Cientistas usam tubarões com sensores para melhorar a previsão de furacões

Cientistas usam tubarões com sensores para melhorar a previsão de furacões

13 de agosto de 2026 Off Por Boca do Rio Magazine

Pesquisa da Universidade de Delaware monitora temperatura e salinidade do oceano em tempo real

Fonte: Redação (Boca do Rio Magazine) | Foto: Andrea Leontiou/Divulgação via REUTERS

Famosos na cultura pop como símbolos de perigo nas praias durante o verão, os tubarões estão assumindo um papel completamente diferente no campo científico. Pesquisadores da Universidade de Delaware, nos Estados Unidos, estão utilizando os animais como observadores móveis de dados oceanográficos em tempo real. A iniciativa busca transformar a coleta de informações no mar para alimentar modelos atmosféricos, climáticos e oceanográficos, auxiliando na previsão exata da força de furacões antes que eles avancem sobre a costa.
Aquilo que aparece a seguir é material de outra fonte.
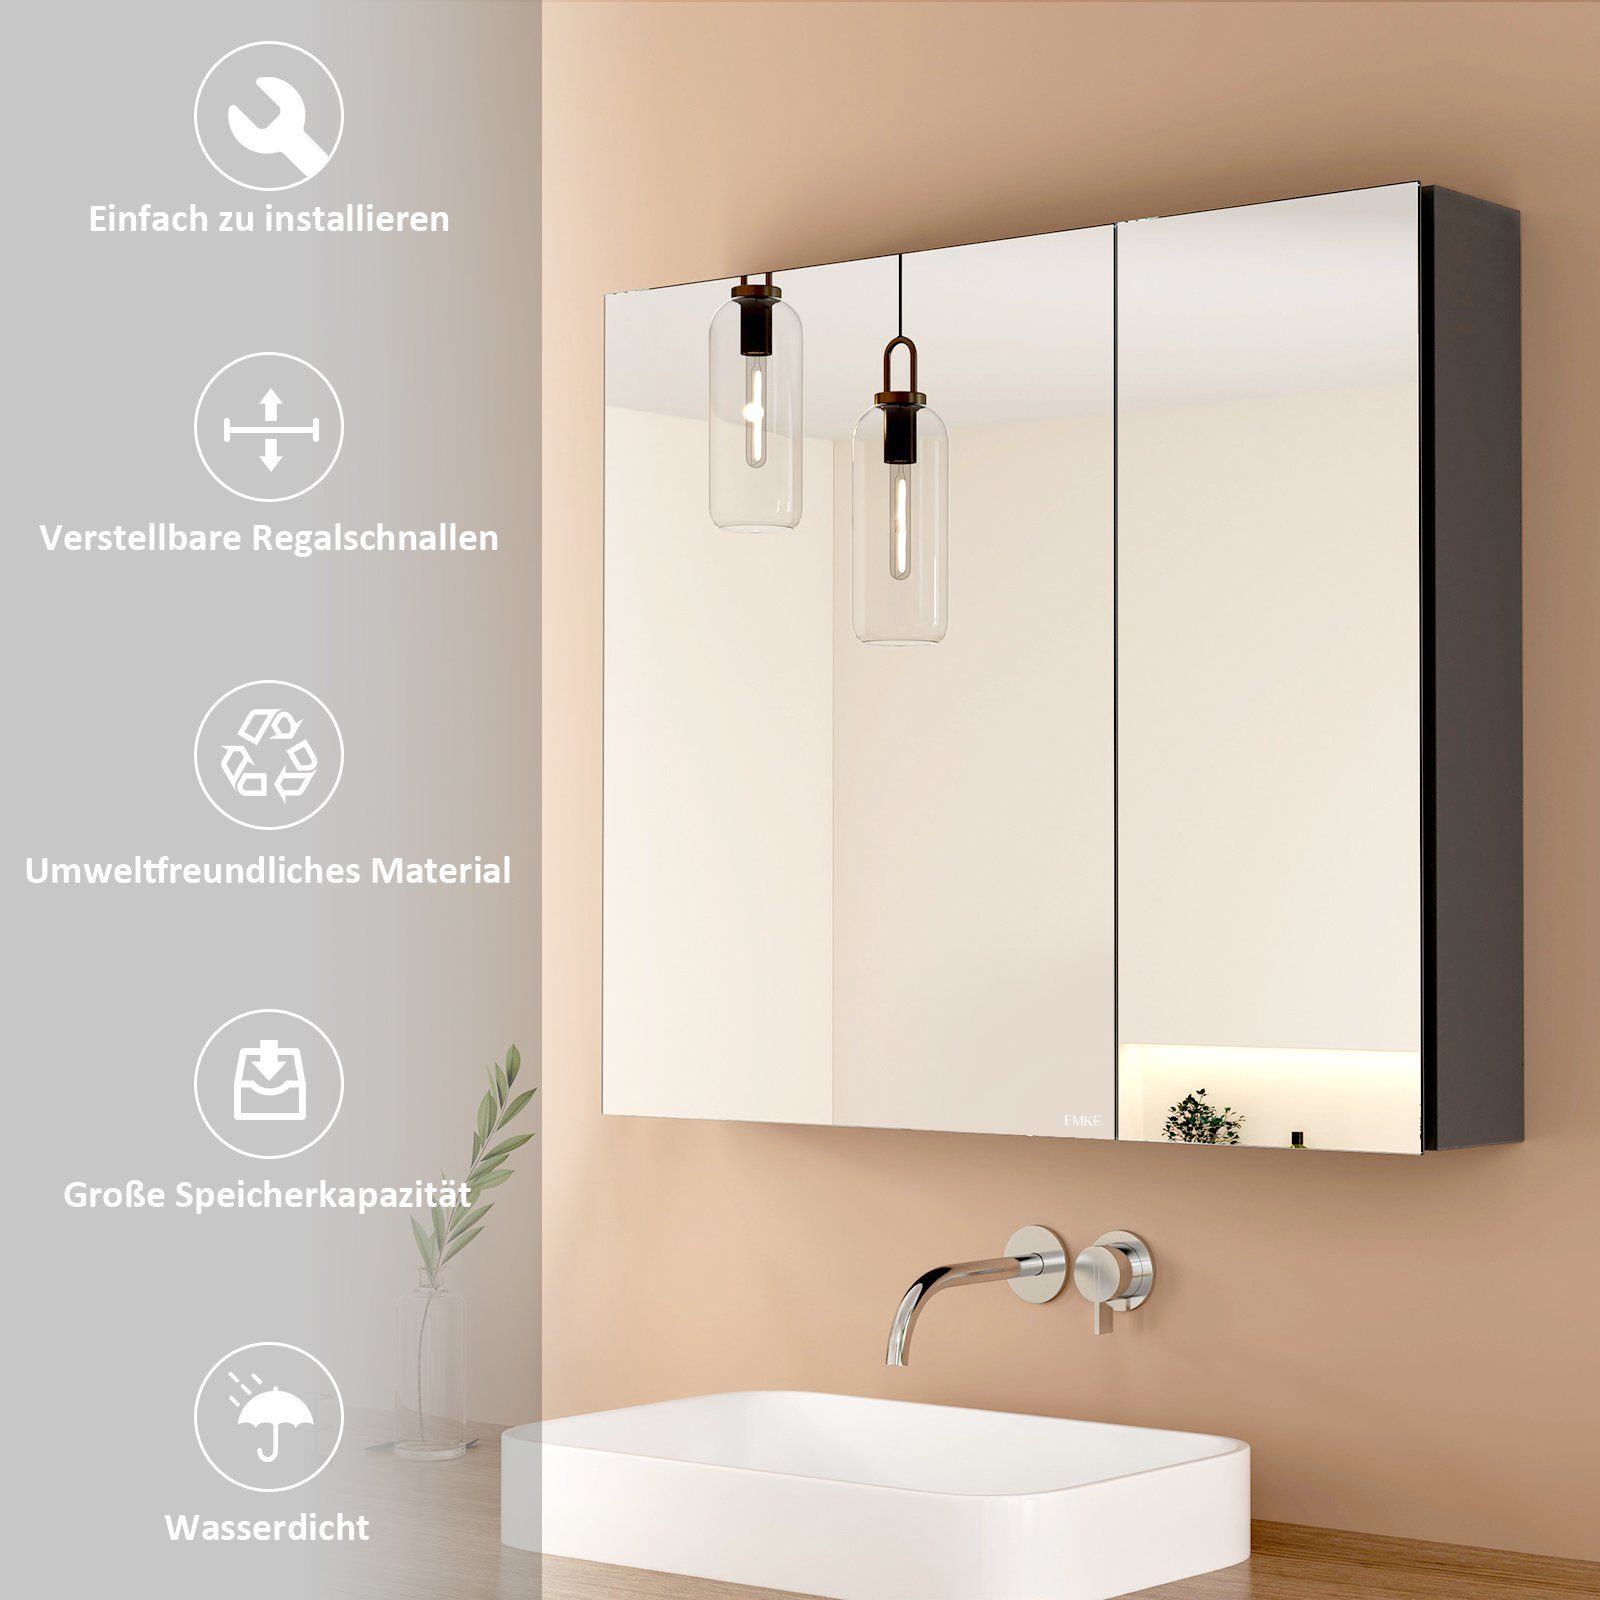 zweitüriger Spiegelschrank mit spiegelschrank Badezimmerspiegelschrank EMKE Trennwand Badspiegelschrank grau EMKE Verstellbare doppelseitigem(MC7)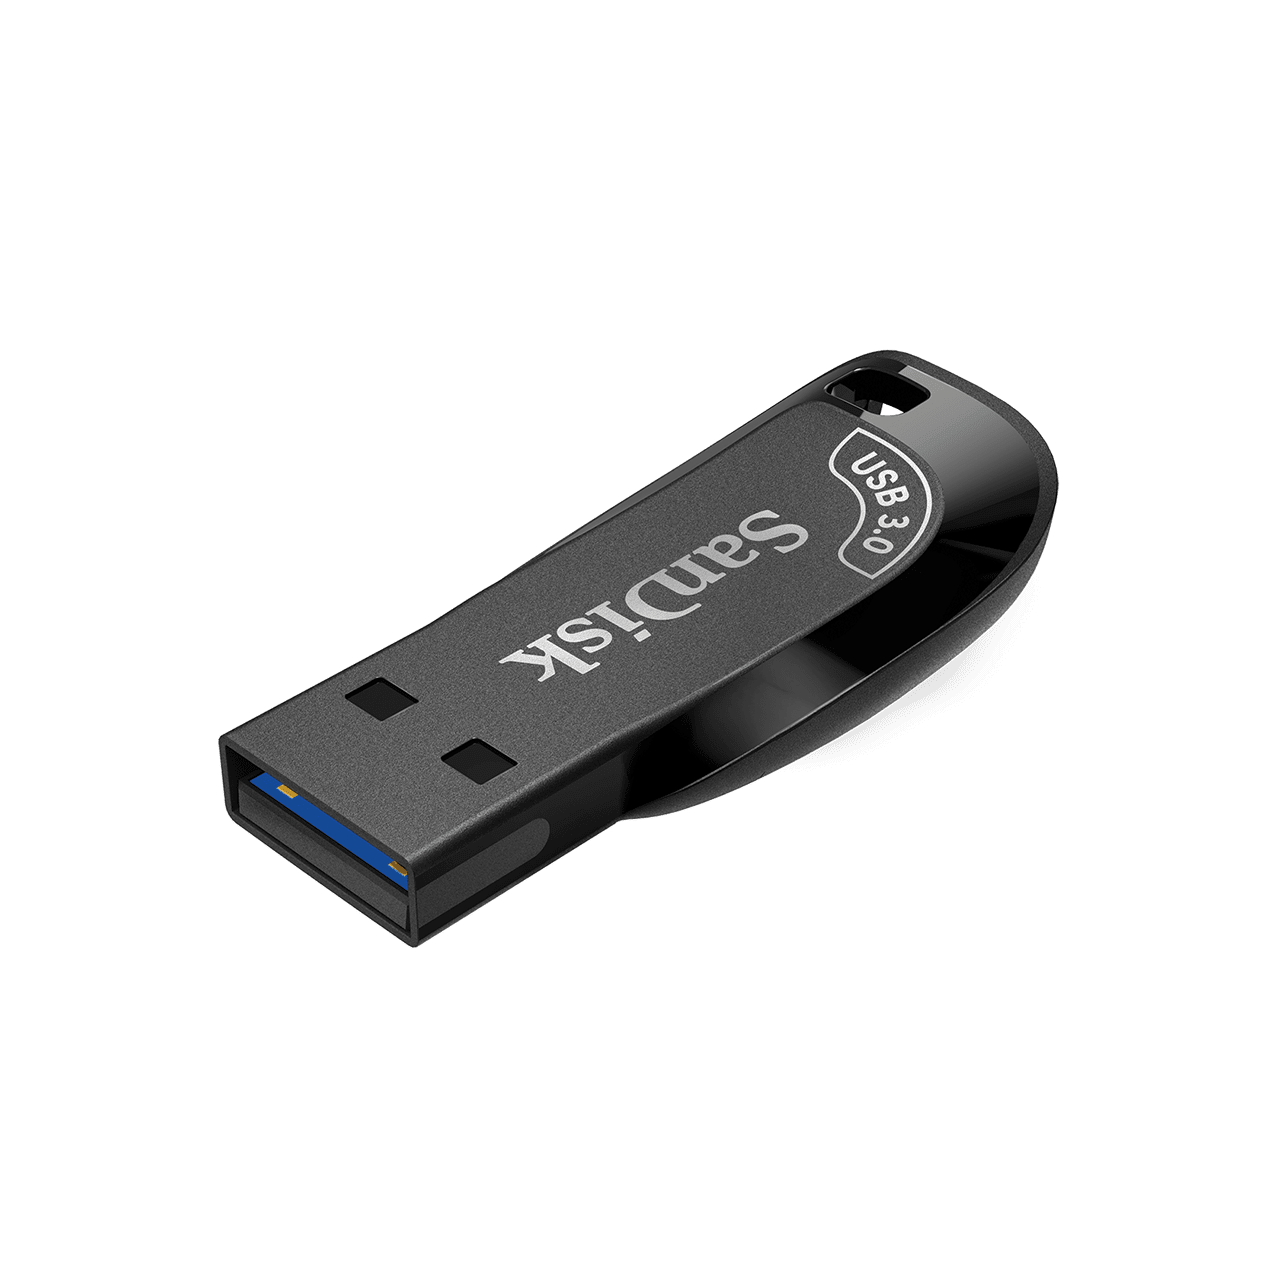 SDCZ410-0128G-G46 # SanDisk 128 GB ULTRA SHIFT USB 3.0 BLACK Mobile Disk Drive

Para realizar o monitoramento, os cientistas equipam os tubarões com pequenas etiquetas eletrônicas de alta precisão. À medida que nadam e mergulham, esses dispositivos medem a condutividade elétrica da água — parâmetro diretamente relacionado à salinidade —, além da temperatura e da profundidade. Essa abordagem inovadora permite mapear o comportamento do oceano em áreas onde boias tradicionais ou instrumentos flutuantes nem sempre conseguem alcançar com eficiência.

Vantagens dos tubarões frente a outras espécies protegidas

O uso de sensores presos à fauna marinha não é uma novidade absoluta na oceanografia, já sendo empregado há anos em elefantes-marinhos nas regiões polares. Contudo, a escolha pelos tubarões na costa leste norte-americana traz vantagens operacionais estratégicas. Segundo o pesquisador principal do projeto, Aaron Carlisle, esses peixes são abundantes, possuem ampla distribuição geográfica e apresentam acesso bem mais simples para a equipe do que mamíferos marinhos que contam com proteções ambientais mais rígidas.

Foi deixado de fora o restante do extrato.